We can that it is consistent with iter_seq

assert(sum(1 for _ in iter_seq('0123', 4, 2)) == count_seq(4, 4, 2))

We can also test that it aggrees with the example you calculated by hand

assert(count_seq(10, 10, 8) == 1360800000)

Item at index

This part is not necessary to get the final answer but it is a good exercise. Furthermore it will give us a way to compute larger sequences that would be tedious by hand.

This could be achieved by iterating iter_seq the given number of times. This function does that more efficiently by comparing the number of leaves in a given subtree (number of items produced by a specific call) with the distance to the requested index. If the requested index is distant more than the number of items produced by a call it means we can skip that call at all, and jump directly to the next sibling in the tree.

def item_at(idx, alphabet, length, distinct, used=0, prefix=''):
    if distinct < 0:
        return
    if length == 0:
        return prefix
    else:
        for d in alphabet:
            if d in prefix:
                branch_count = count_seq(len(alphabet), 
                                         length-1, distinct, used)
                if branch_count <= idx:
                    idx -= branch_count
                else:
                    return item_at(idx, alphabet, 
                                   length-1, distinct, used, prefix + d)
            else:
                branch_count = count_seq(len(alphabet),
                                         length-1, distinct-1, used+1)
                if branch_count <= idx:
                    idx -= branch_count
                else:
                    return item_at(idx, alphabet,
                                   length-1, distinct-1, used+1, prefix + d)

We can test that it is consistent with iter_seq

for i, w in enumerate(iter_seq('0123', 4, 2)):
    assert w == item_at(i, '0123', 4, 2)

Index of a given item

Remembering that we are walking in a prefix tree, given a string we can walk directly to the desired node. The way to find the index is to sum the size of all the subtrees that are left behind on this path.

def item_index(item, alphabet, length, distinct, used=0, prefix=''):
    if distinct < 0:
        return 0
    if length == 0:
        return 0
    else:
        offset = 0
        for d in alphabet:
            if d in prefix:
                if d == item[0]:
                    return offset + item_index(item[1:], alphabet, 
                               length-1, distinct, used, prefix + d)
                else:
                    offset += count_seq(len(alphabet), 
                                length-1, distinct, used)
            else:
                if d == item[0]:
                    return offset + item_index(item[1:], alphabet, 
                             length-1, distinct-1, used+1, prefix + d)
                else:
                    offset += count_seq(len(alphabet), 
                                 length-1, distinct-1, used+1)

And again we can test the consistency between this and iter_seq

for i,w in enumerate(iter_seq('0123', 4, 2)):
    assert i == item_index(w, '0123', 4, 2)

Or to query for the example numbers you gave as I promised in the beginning of the post

print("Item 3749832414 is at (0-based) index %d" %  
     item_index('3749832414', alphabet='0123456789', length=10, distinct=8))
print("Item 7364512193 is at (0-based) index %d" %  
     item_index('7364512193', alphabet='0123456789', length=10, distinct=8))

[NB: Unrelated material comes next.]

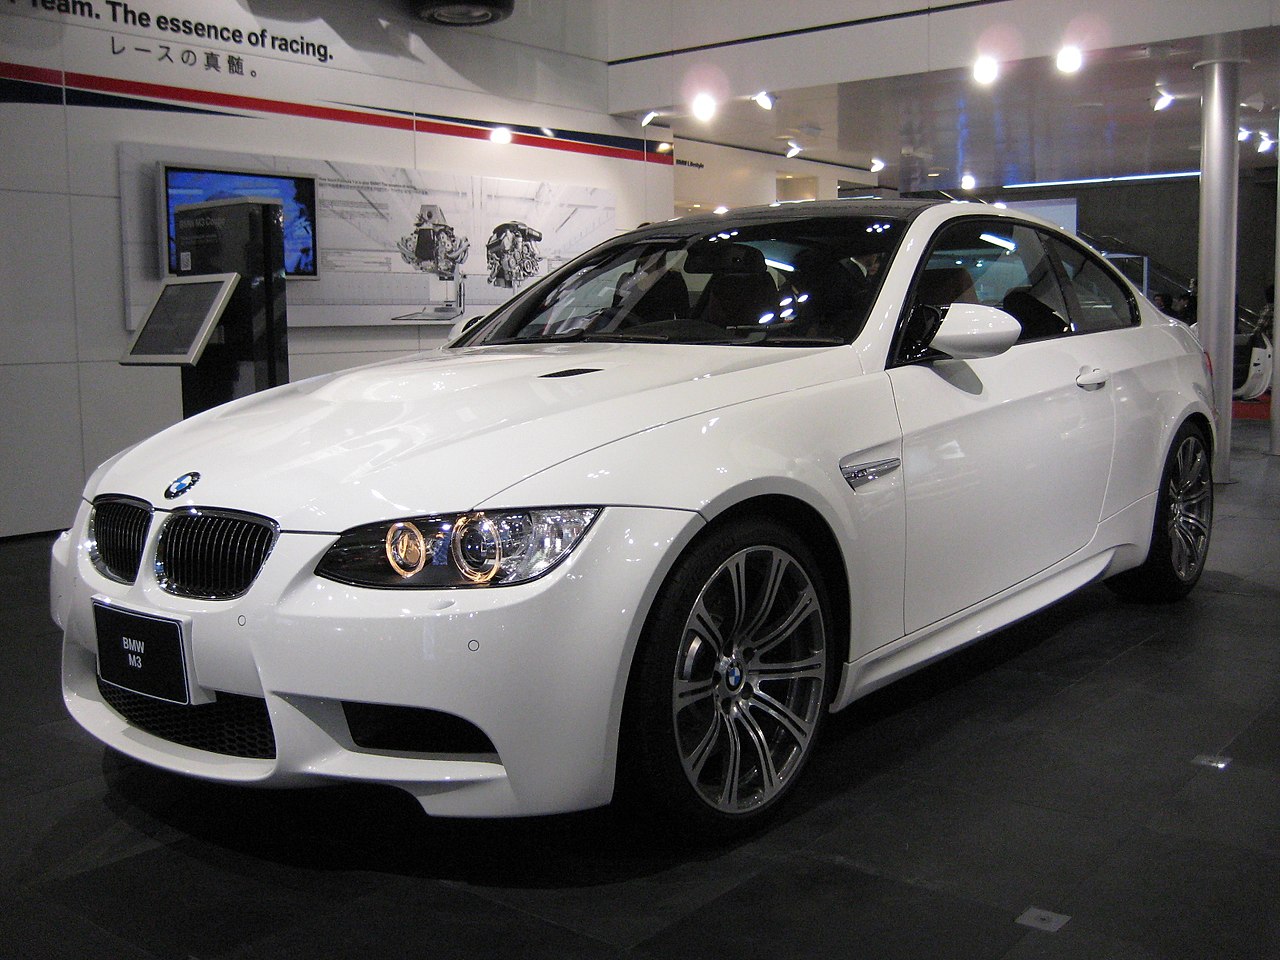 BMW E90 (M3) – Wikipedia

> Item 3749832414 is at (0-based) index 508309342
> Item 7364512193 is at (0-based) index 1005336982

Bonus: Larger sequences

Let's calculate the index of UCP3gzjGPMwjYbYtsFu2sDHRE14XTu8AdaWoJPOm50YZlqI6skNyfvEShdmGEiB0 in the sequences of length 64 and 50 distinct symbols

item_index('UCP3gzjGPMwjYbYtsFu2sDHRE14XTu8AdaWoJPOm50YZlqI6skNyfvEShdmGEiB0', 
        alphabet='0123456789ABCDEFGHIJKLMNOPQRSTUVWXYZabcdefghijklmnopqrstuvwxyz',
        distinct=50, length=64)

Surprisingly it is 10000...000 = 10**110. How could I find that particular string??